I have been reading a lot about St. Francis lately. He had a special devotion to helping lepers. He even had a little encampment of them and there is a story of him embracing a leper – which initially utterly disgusted him. He is not the only one to do such things, though. St. Francis’s brothers also helped the lepers and St. Clare, with Francis’s help ran a little hospital. St. Damien of Molokai started a colony in Hawaii. Catherine of Siena is said to have drank a bowl of a woman’s wound drainage to allow herself to be less disgusted. Mother Teresa helped all sorts of ill; lepers, no doubt made up some of her group of sick and outcast. When reading the gospels, or even other books of the bible, there are stories such as the ten lepers, the man with the withered hand, Job getting blots on his skin; Naaman was told by the slave girl how to be healed, and Elisha encouraged him to wash in the river. All across our faith – before, during, and after Christ, are lepers or others with skin ailments that are healed.
Before I was a nurse there were people that would speak of these stories; they would soon follow with questions? What happened to these people? Why don’t we hear of this anymore? Some might answer that it is advanced medicine. Others might say leprosy is dying out. Still, there are more people who will say that these issues are of the third world, or of the past. None of these answers are true.
First of all, despite medical advancements, many people have skin ailments; even if not always leprosy, per se, the ailments exist. Some ailments have better treatments than others. Leprosy, or Hansen’s disease, still exists. It is true that this is generally not found in advanced societies, but it is in our world (and it is carried by Armadillo’s). Though it is a fact that most true lepers are in the third world, not all are. There are ‘lepers’ of another sort that are not in the third world, but right here in Western society and the modern day.
As a nurse, I see many people with wounds. Some are from pressure. Some are from infection. Some are surgical wounds that won’t heal. Sometimes poor circulation is to blame while in other situations diabetes is at fault. Immobility causes wounds, especially to the sacral/coccyx areas (the butt). All types of wounds can get infected or infection from inside the body can come out in an abscess. We also cannot forget malignant wounds. This is where cancer protrudes through the skin. While technically not a wound, many people have colostomies (or other ostomies) where there is a hole on the abdomen and poop comes out into a bag.

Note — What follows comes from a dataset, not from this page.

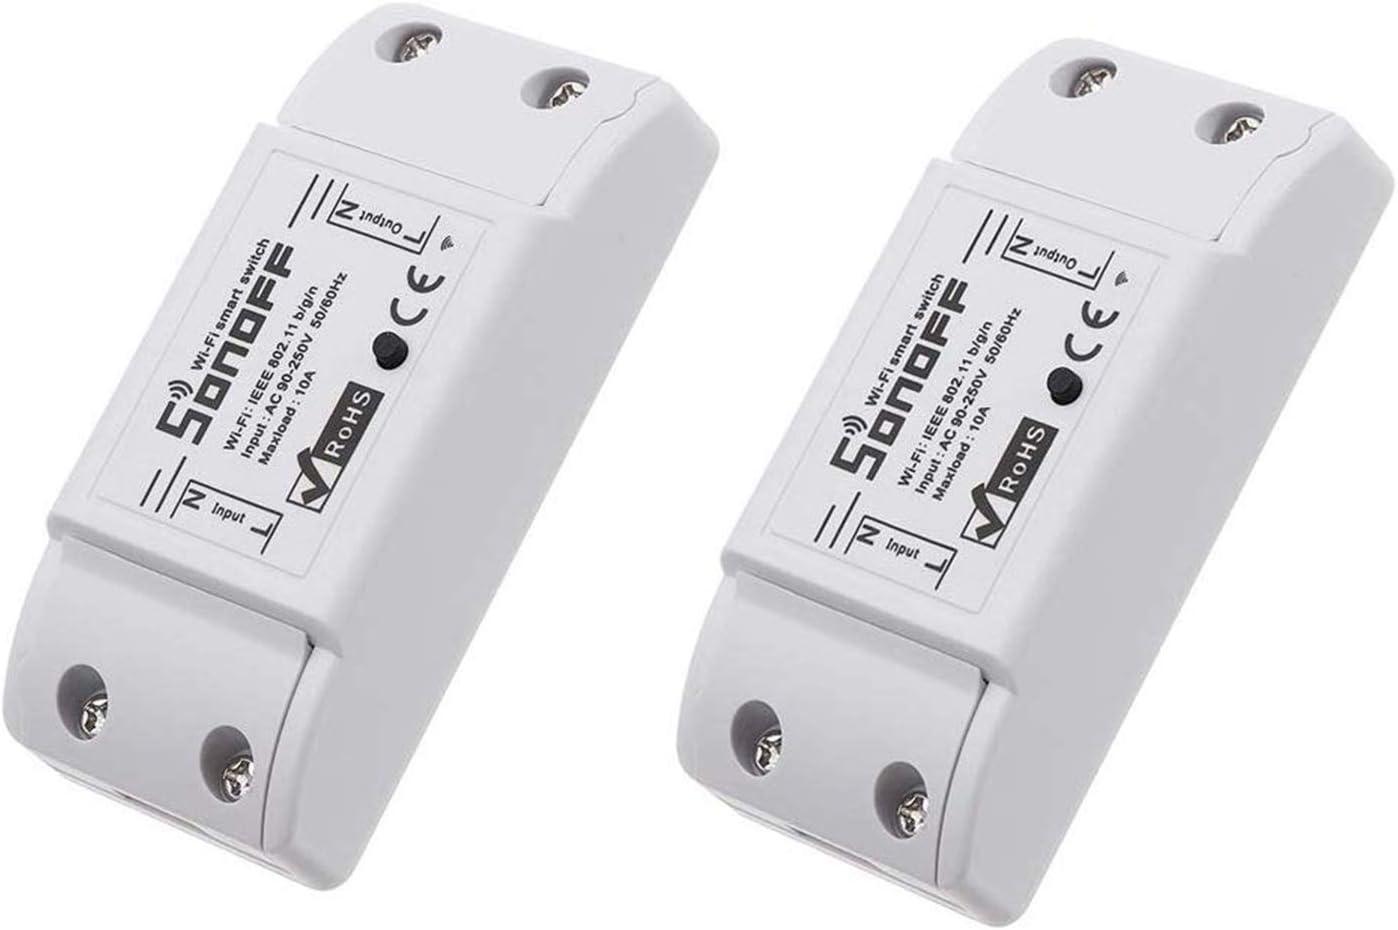 Blxecky Sonoff Interruptor inteligente WiFi con mando a distancia, inalámbrico, temporizador inteligente, control a través de Amazon Echo Alexa, Android IOS App

All sorts of wounds are found in society. As a hospice nurse, I see these wounds almost every day I go to work. However, these wounds are almost never true leprosy. While not factually lepers, people with these wounds are often lepers nonetheless. Some people, even those that are not confined to a bed, or even hospice patients, will not head out into society. I have heard people say things like “I stopped going out years ago because I was embarrassed by this”. I have heard, “I didn’t know what a doctor would think so I never went”. I have heard, “The smell is too humiliating. I can’t be seen in public like this.” Does one have to actually have the disease of leprosy to be a leper? Can leprosy be a social status? I think it is one in our world, and it is not just the third world. It is not just the poor countries. Even people with lots of money and advanced medicine face these issues.
Lepers are everywhere. Even where people don’t have a skin disease, people are often outcasts for some reason. Who is a leper in your community? How can you reach out to them? Let us all pray for the social lepers of our world.